# What the heck is it?



## Oldguy1 (Oct 16, 2007)

:Hi everyone!This is my first post.I fish mainly from bellair to pike island.Last sun.my buddy and i were jigging with minnows our main MOF.(mode of fishing)
I snagged a small fish the likes of which i have never seen before.I will do my best to describe it maybe someone out there will know what it is.It was approximately 3.5 to 4 inches long from the eyeball back it had the body of a pike or musky, long and skinny.but it did not have a predator mouth it had more of a bottom feeder mouth that is to say its mouth was more under its snout it was not a sucker mouth like a carp or sheephead.Its markings were really striking,it was mainly silver with very pronouced vertical stripes or bars the entire length of its body, some of the stripes were broken into two stripes
like a lightning bolt.It was a neat looking fish.We were low on bait so i used it for such,and caught a channel cat on the first cast.I tried to find stuff on the net with no luck,I found one site that had stream fish of ohio,nothing 
even close.Anyone out there know what it could be?Thanks for your time!


----------



## fshnfreak (Feb 24, 2007)

maybe a log perch darter


----------



## Wannabitawerm (Apr 13, 2004)

It's great channel cat bait is what it is!!

Seriously, does sound like some species of darter. I've never seen one that big, but there's a lot of things I haven't seen yet.


----------



## bkr43050 (Apr 5, 2004)

It does sound like a logperch darter. I have seen them in the size you mentioned as well. Here is a picture in case you have not seen this one.

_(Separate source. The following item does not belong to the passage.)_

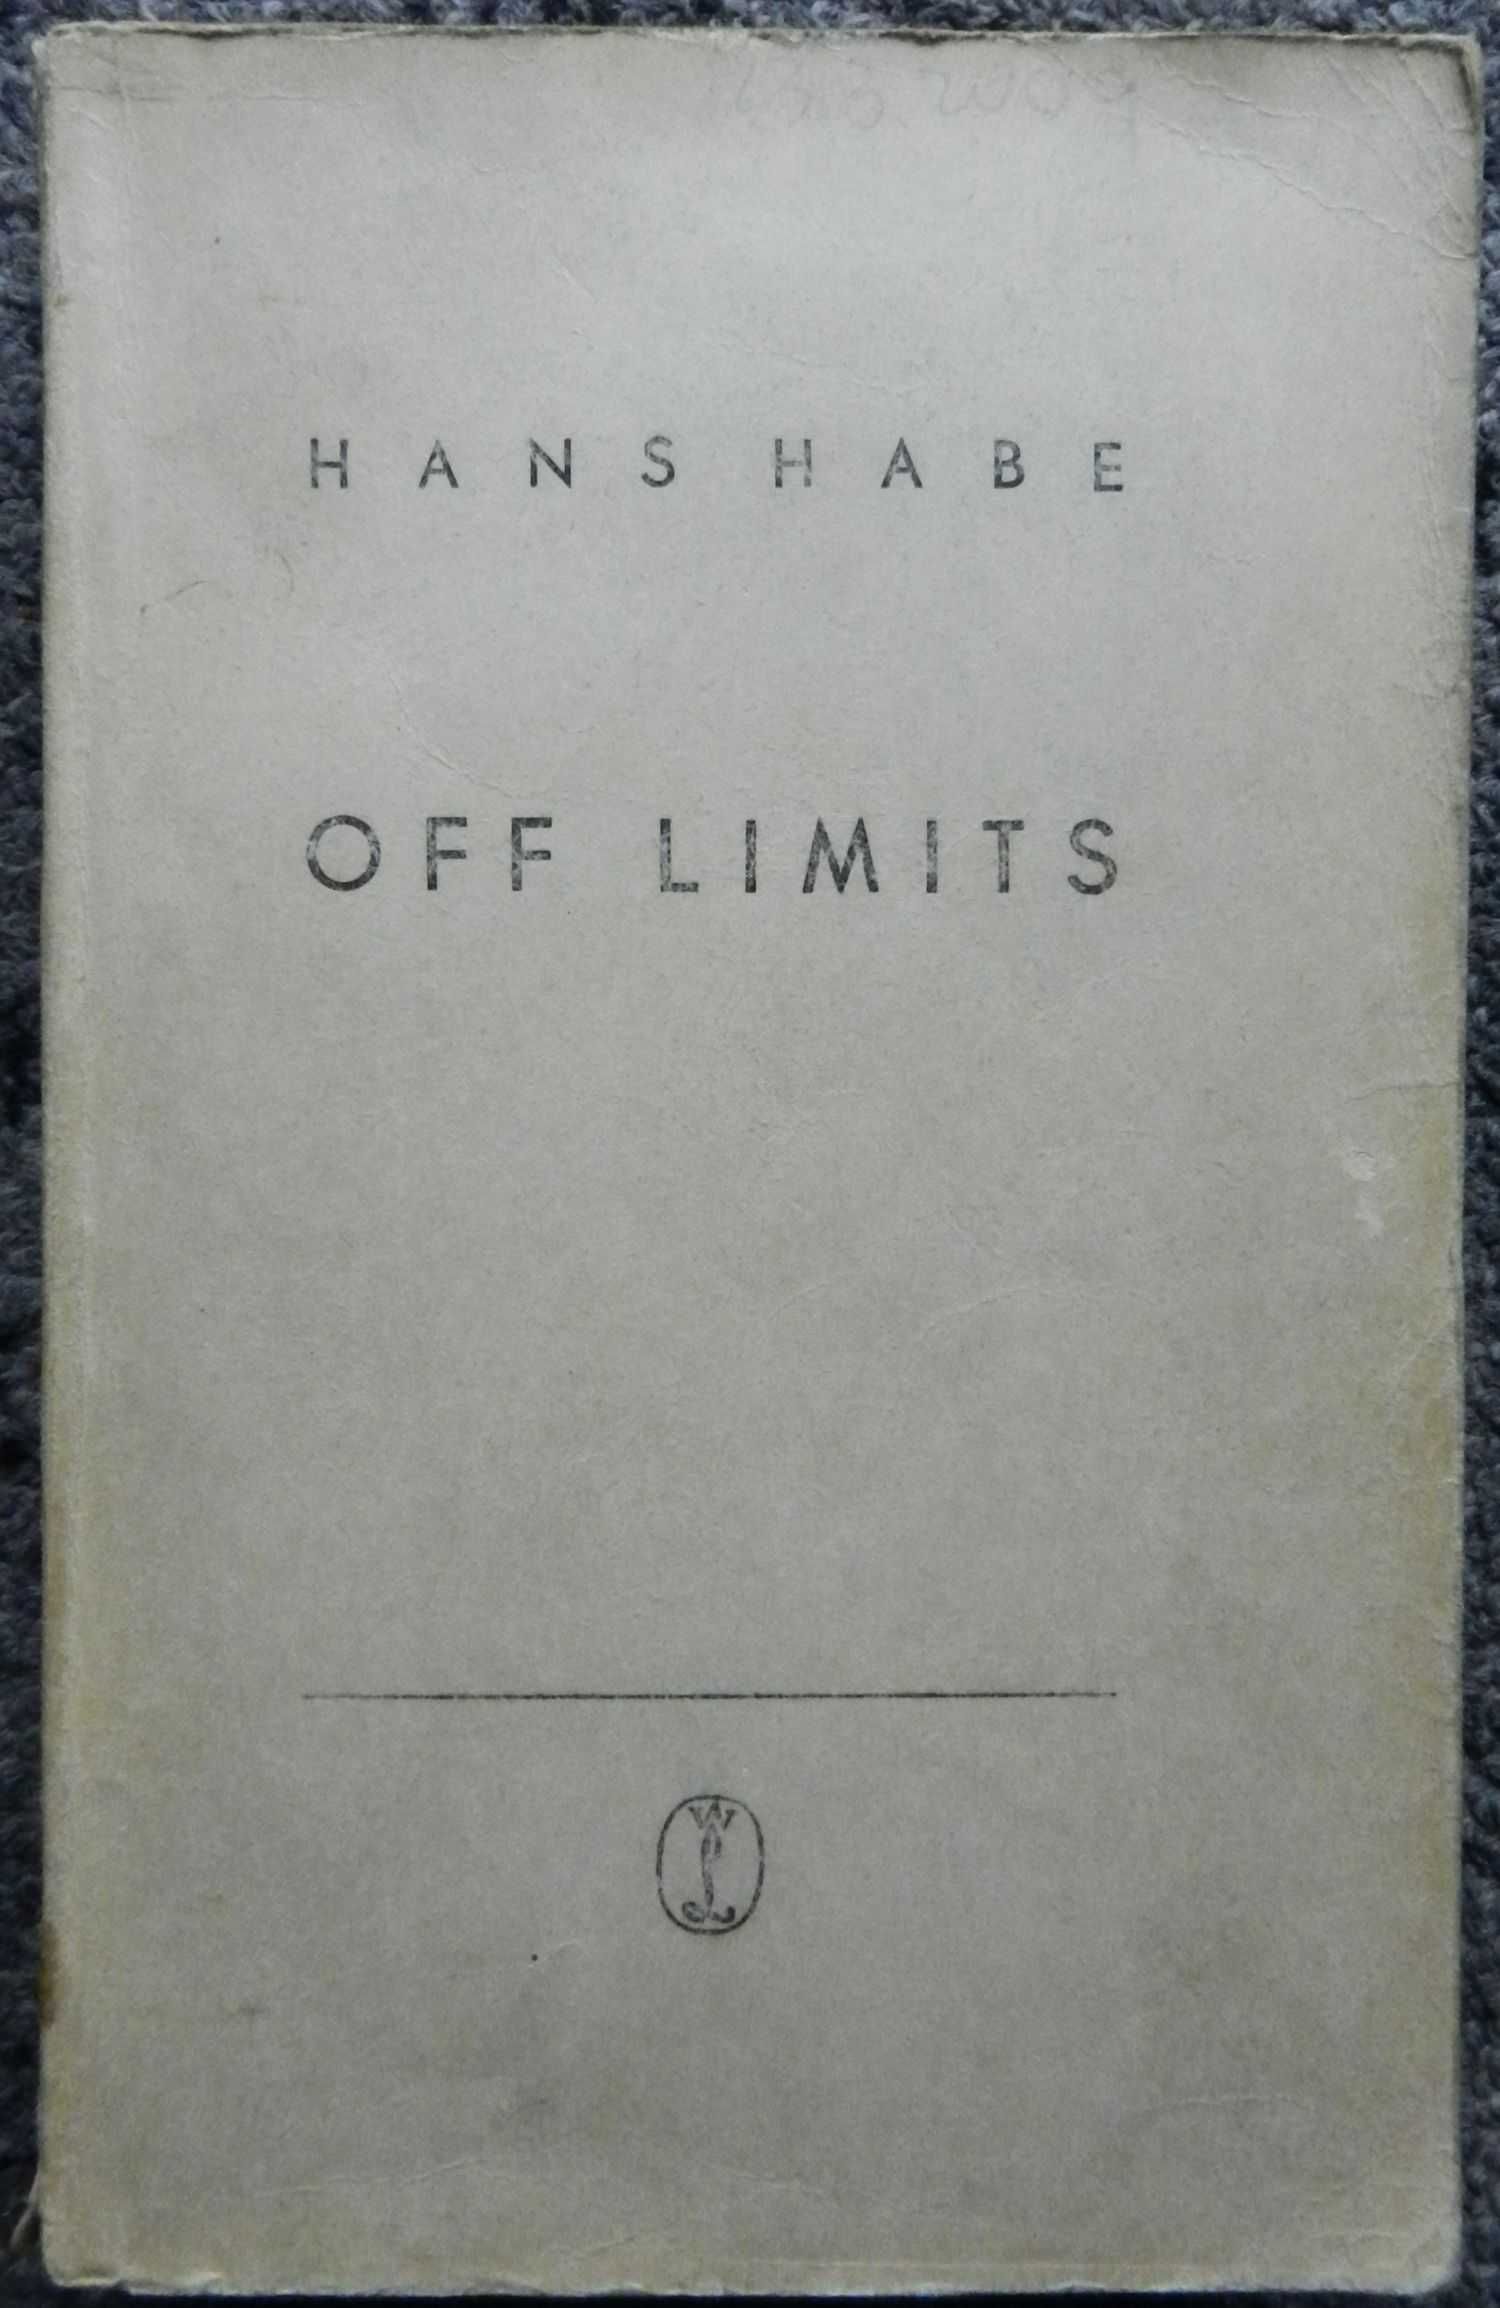 Habe Hans - Off limits
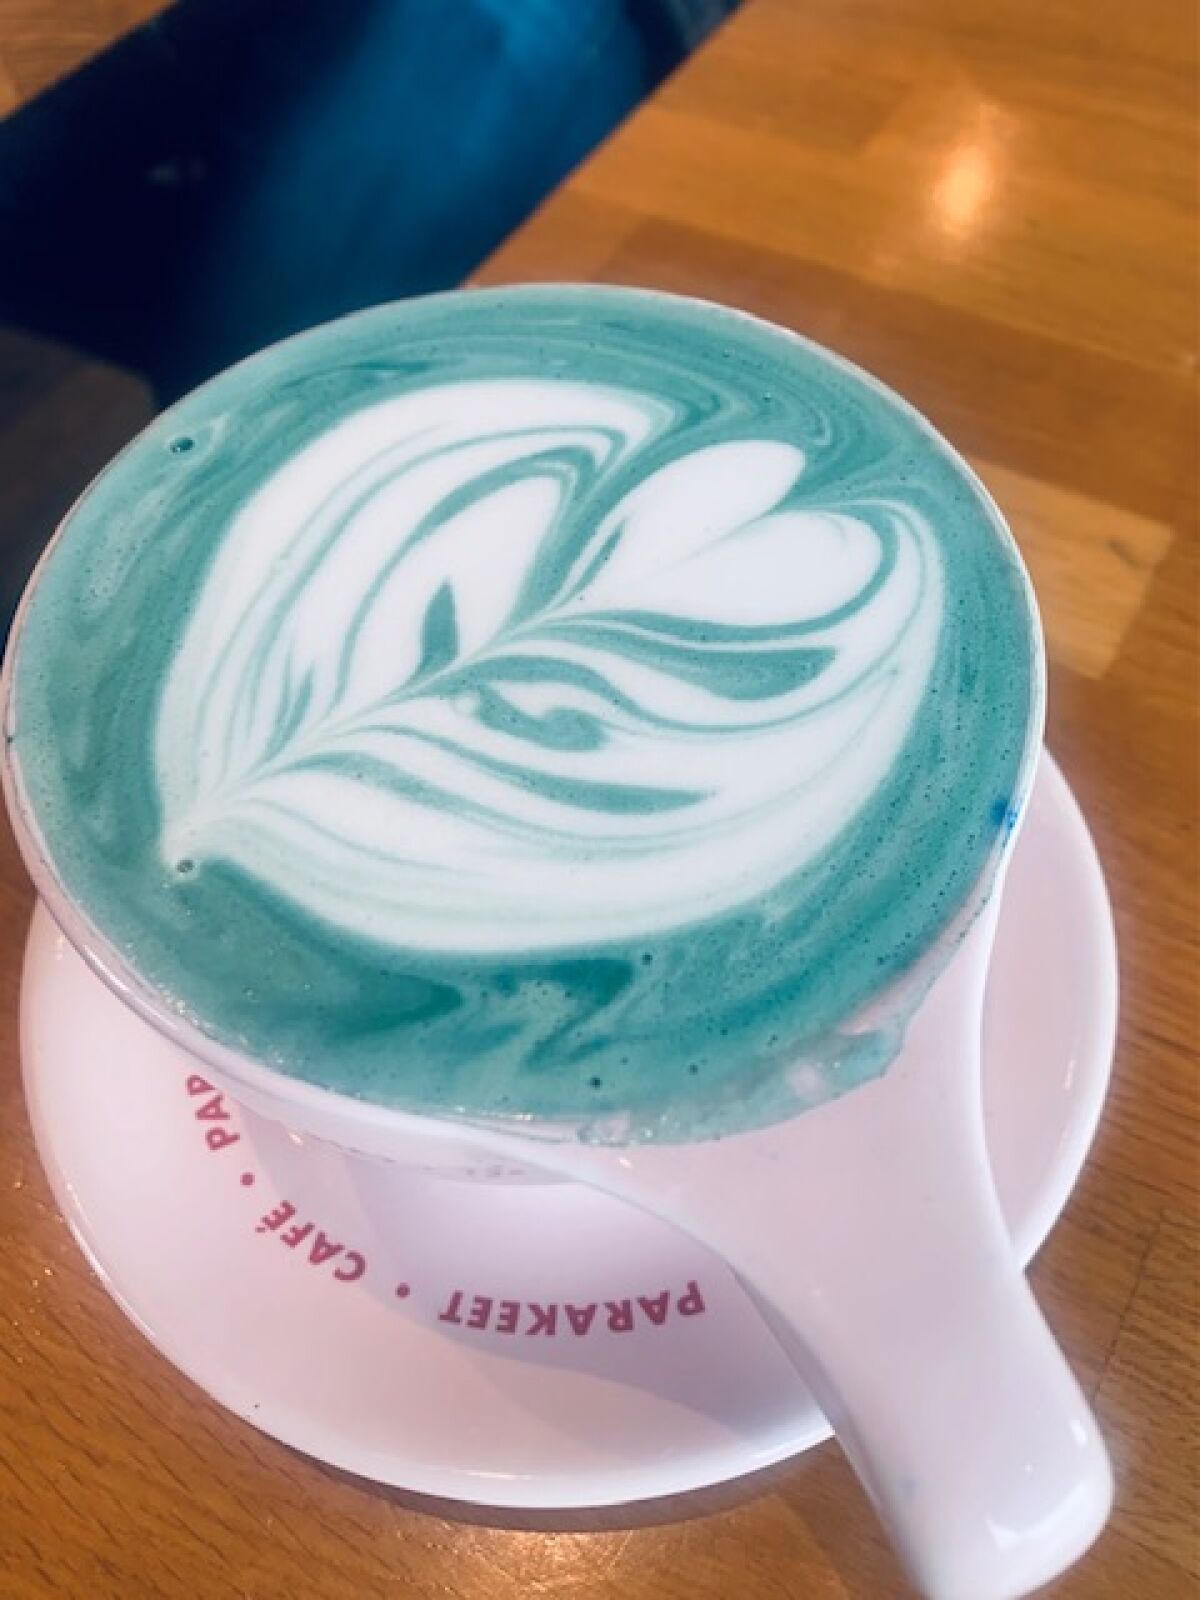 Spirulina matcha latte from Parakeet Cafe

Also, here is the link to the Fish ID page for the ODNR site.


----------



## Fishman (Apr 5, 2004)

That's what it sounded like to me as well.


----------



## riverKing (Jan 26, 2007)

logperch are all over that river, watch using darters for bait though, there are alot of very endangered darters!


----------



## Oldguy1 (Oct 16, 2007)

Thanks guys,
I guess it must be a log perch darter,wish the picture had a little more contrast my eyes arnt what they used to be! Im going to start taking a camera like I should have been all along!Thanks again!


----------



## Snyd (May 5, 2004)

OldGuy1 - Yes it is a log perch - I was down in the Racine Pool last weekend and a few of these were caught.


----------



## Oldguy1 (Oct 16, 2007)

hey snyd,
you say a few were caught?how big were they?the one i caught i snagged. like i said ,it was only 3.5 to 4 inches ,its mouth was so small i doubt it could have been caught on a hook.anyone know how big a log perch darter gets?


----------



## CoolWater (Apr 11, 2004)

According to the ODNR they range generally from 2.8 to 6 inches with the record speciman being 7.1 inches. I've caught them on the fly rod in the Mohican River on several occasions.


----------



## Snyd (May 5, 2004)

Oldguy1 - The one we caught a few weekends ago was about the same size - I would say it was about 5 inches. It was caught on a silver Buddy.

I believe the other one that was caught by one of the other guys in a different boat was about the same size.


----------